I actually love the way the Metroid: Prime series tackles the atmosphere and immersion that is so paramount in the Metroid franchise. Coming from one who thinks Super Metroid was the most perfect game of all time, that has to say something.

Mood

Before I get into it, let me first talk about the things I love about Metroid atmosphere. Whether by design or hardware limitation, the early Metroid games had not an ounce of cinematics to them. It was what Half Life did to the FPS genre in an age chock full of separated levels and out-of-game cinematics. I think there’s like a grand total of, what, five two-second clips of Samus’s ship in Super Metroid?

The beauty that I see in it though, is that even without much of a narrative the Metroid games immersed me like no other game have before. In the Metroid games you never went out of body (Yes, I realize it’s a 3D platforming game). What I mean to say is that you played Samus at all times. You never just watched Samus do badass things, you were Samus, doing badass things.

While I absolutely loved the feeling of being one lonely bounty hunter diving deeper into a planet bristling with life at all levels, it never gave me a chance to dive deeper into the story.

Immersion

This is where the Prime series shines. Barring the scripted cinematics, the gameplay portions are retained with expert accuracy. They retain the heavy mood of isolation and deep cavern exploration. What the Prime series adds, though, is immersion to go along with that mood. There are so many little details and flourishes of personality that is added to the play experience that I sometimes dream of a complete remake of Super Metroid with the Prime engine.

I want to be able to see, not just imagine, how Crateria would look as I land upon it and step out of my ship for the first time. I want to see the rain pour down, making tink noises on my armor, obscuring my vision as I make my way towards a cave opening. I want to trudge around in the darkness of the Wrecked Ship. I want to be able to scan that corpse outside of Kraid’s room and be able to know, with certainty and satisfaction, that it is indeed the rotting corpse of Armstrong Houston.

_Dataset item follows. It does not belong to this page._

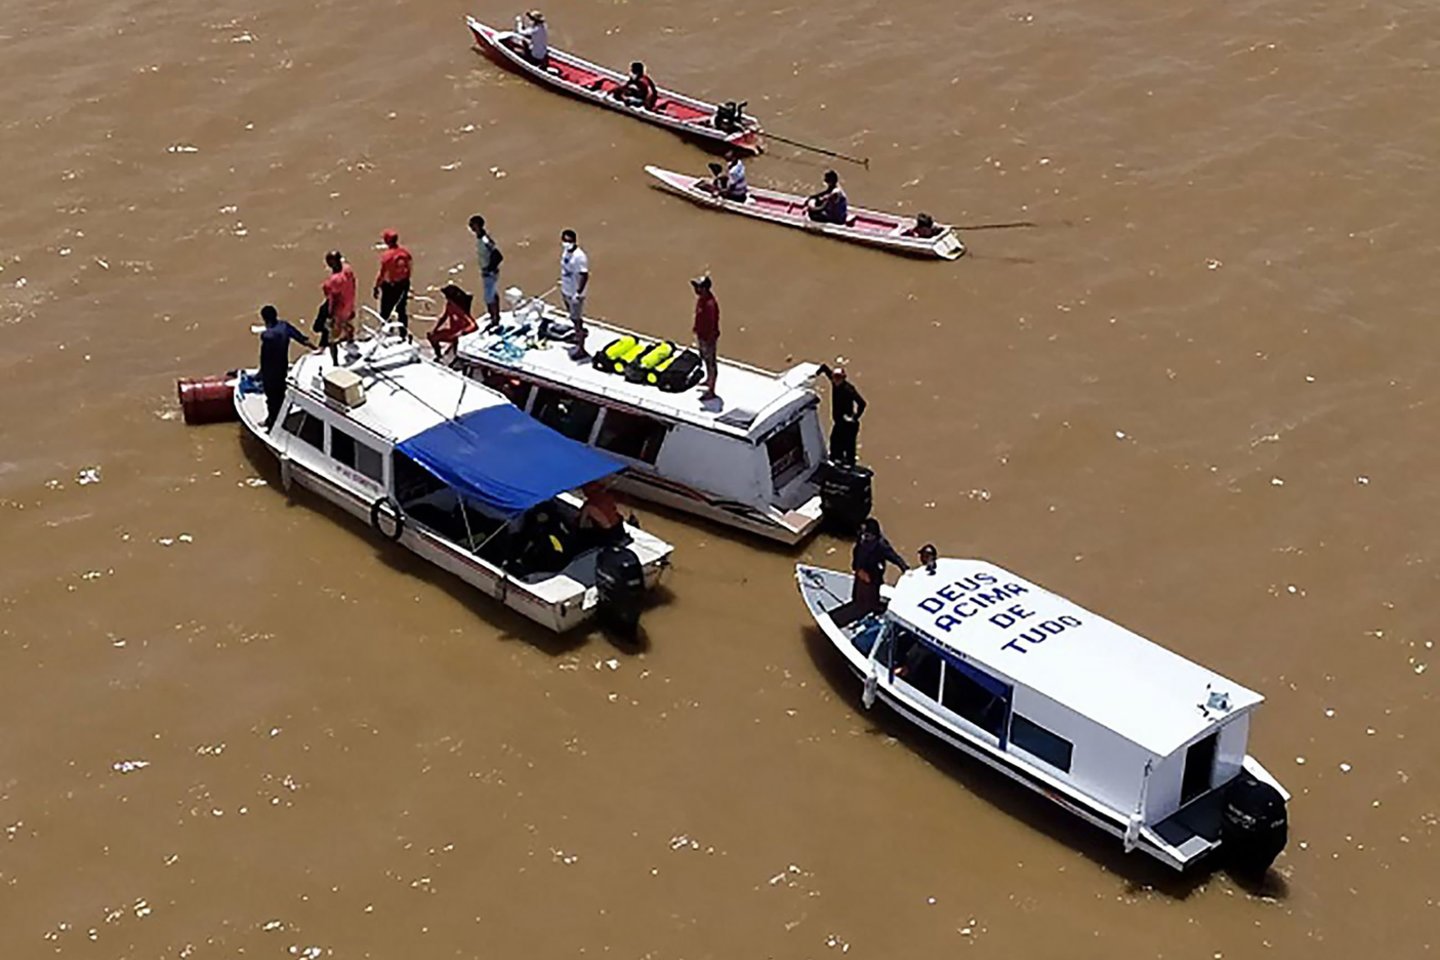  ​Amazonijos atogrąžų miškų regione nuskendus upių keleiviniam laivui žuvo mažiausiai 18 žmonių, pirmadienį pranešė Brazilijos tarnybos, gyviems išlikusiems žmonėms papasakojus, kaip jiems teko siaubo apimtiems gelbėtis iš nugrimzdusio į dugną laivo.<br>AFP/Scanpix nuotr.

I’d want to be able to discover and see all this without a voice piping in and giving me mission objectives.

Guided Tour

My main gripe with Metroid Fusion was that you were constantly being told what to do. I guess they felt like they had to baby Samus because she got into a little trouble on SR-388. The way I see it, the entirety of my familiarization with Samus is that she is a bounty hunter with such renown that the Galactic Federation gives her, and her alone, the singular mission objective of either 1.Infiltrate and destroy a fucking planet, or 2. Infiltrate and destroy a fucking species. What she does while on the job is completely up for her to decide. This is what I believe gives rise to the One Girl In All The World factor.

Friendly Competition

I fully appreciate having other bounty hunters in the galaxy and realize that there are many that are close to Samus’s skills. What irks me the most is that some of the high-flying stuff that the other hunters can do almost makes Samus look like a pussy. Of course, this can also be countered with the fact that she kicks their asses in the end using her superior skills. I haven’t seen that this interferes much with the meat of the game, lonesome exploration, so it’s not as big of a gripe for me as a CO belching out orders is.

Do Both

What I really want is for them to keep the deeper-diving story presented in the Prime series and in Fusion with the OGIATW factor of the Metroids of old. I loved the scanning of lore in Prime and learning of Samus’s history in Fusion. I just want all the hand-holding to be cut. I’d want them to use the story-telling elements and mechanics they used in both Half Lifes for situations where they wanted to reveal more about the story.

That’s one of the things I love about silent characters. They compel you to want more than just watching them, they make you want to be them.